Miracın hak olduğunu isbat eden delil:
“Sahibiniz (Peygamber doğru yoldan) sapmadı. Batıla da inanmadı. Kendi (re’y ü) hevâsından söyle­mez o. O, kendisine (Allah tarafından) ilkâ edile gelen bir vahiyden başkası değildir. Onu müdhiş kuvvetlere mâlik olan öğretti. (Ki o) akıl ve re’yinde kâmil (bir melek)dir. Hemen (kendi suretine girip) doğruldu O en yüksek ufukta idi. Sonra (Cebrail ona yâni Pey­gamber sallallahu aleyhi ve selleme) yaklaştı. Derken sarkdı. (Bu suretle o, Peygambere) iki yay kadar yahut daha yakın oldu da (Allah’ın) kuluna vahyettiğini ilet­ti. Onun gördüğünü kal(i) yalana çıkarmadı. Şimdi siz onun bu görüşüne karşı da kendisiyle mücadele mi edeceksiniz?

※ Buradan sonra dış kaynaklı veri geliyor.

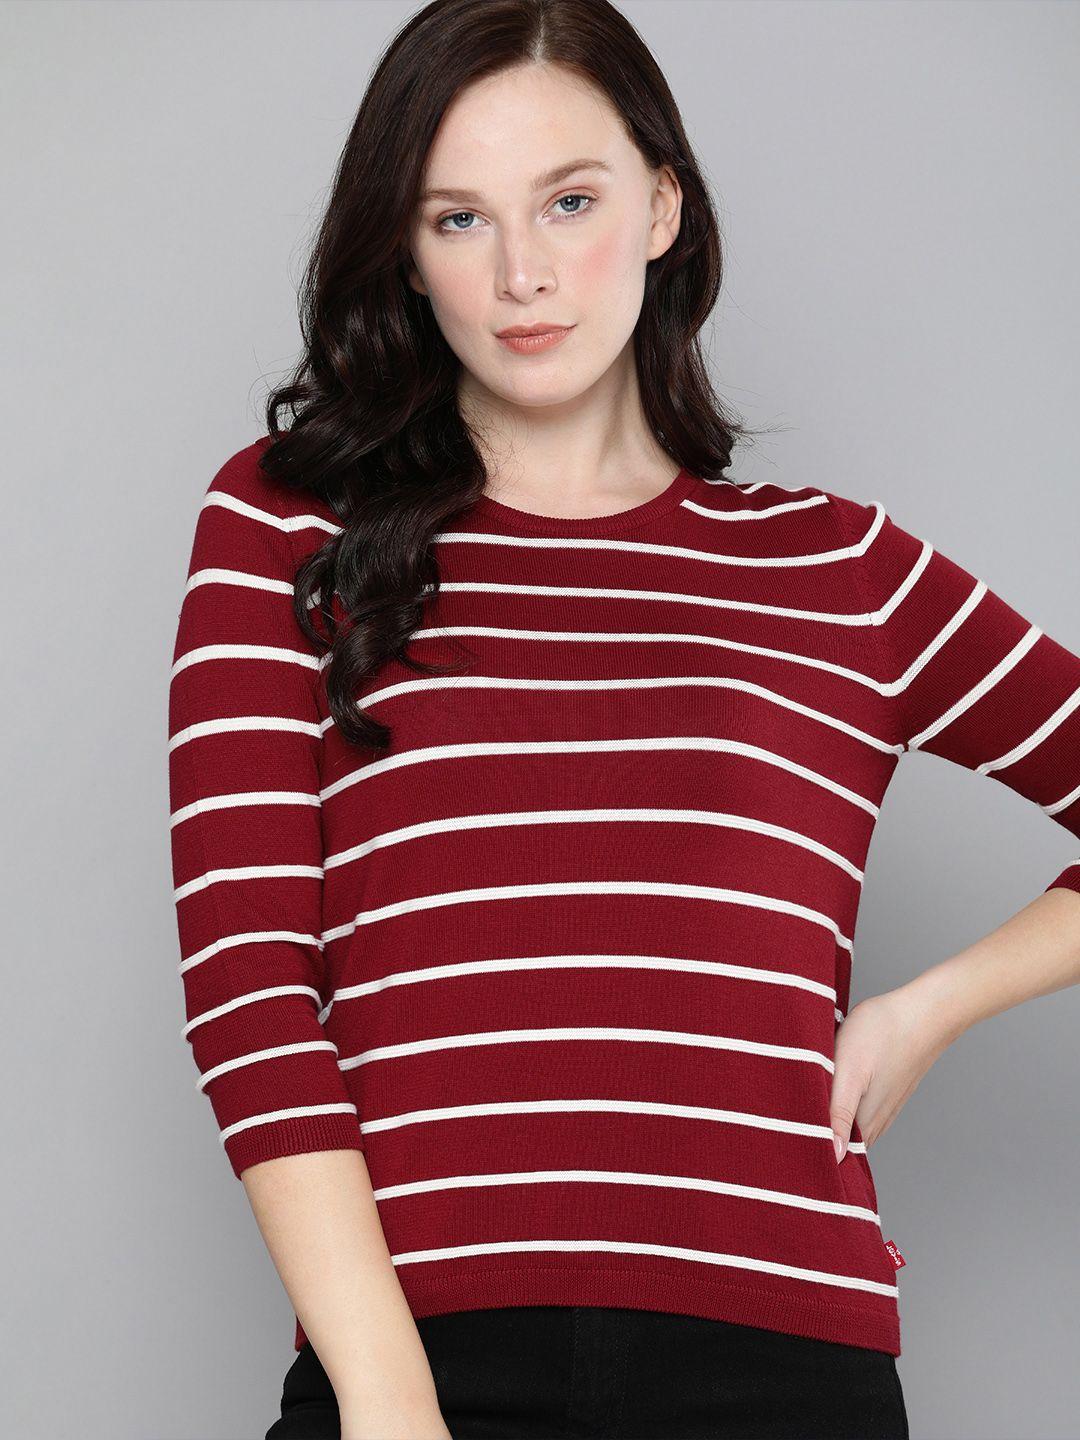 levis-women-maroon-&-white-striped-pullover-sweater

Andolsun ki onu diğer bir defa da Sidretü’l-Müntehâ’nın yanında gördü o, ki Cennetü’l-Me’va onun yanındadır. O (gördüğü) zaman Sidre’yi bürüyordu onu bürümekte olan. (Peygamberin) göz (ü gördüğünden) ağmadı (onu) aşmadı da”. (En-Necm: 2-17) mealindeki ayetlerle Allah Resulünün şu hadisleridir.
İbn Mes’ûd radıyallahu anh’in rivayetine göre sallal­lahu aleyhi ve sellem Efendimiz şöyle buyurmuş:
“Göklere çıktığım gece, Allah’ın dostu İbrahim ile karşılıklı konuştuk. Ayrılacağım sırada bana şöyle dedi:
— Ya Muhammed, ümmetine benden selâm söyle ve onlara de ki: Cennet çok hoştur, hayır ve tâatlere koşun, Allah’ın rızasını isteyin.” (Sevad ü’l A’zam sh.29)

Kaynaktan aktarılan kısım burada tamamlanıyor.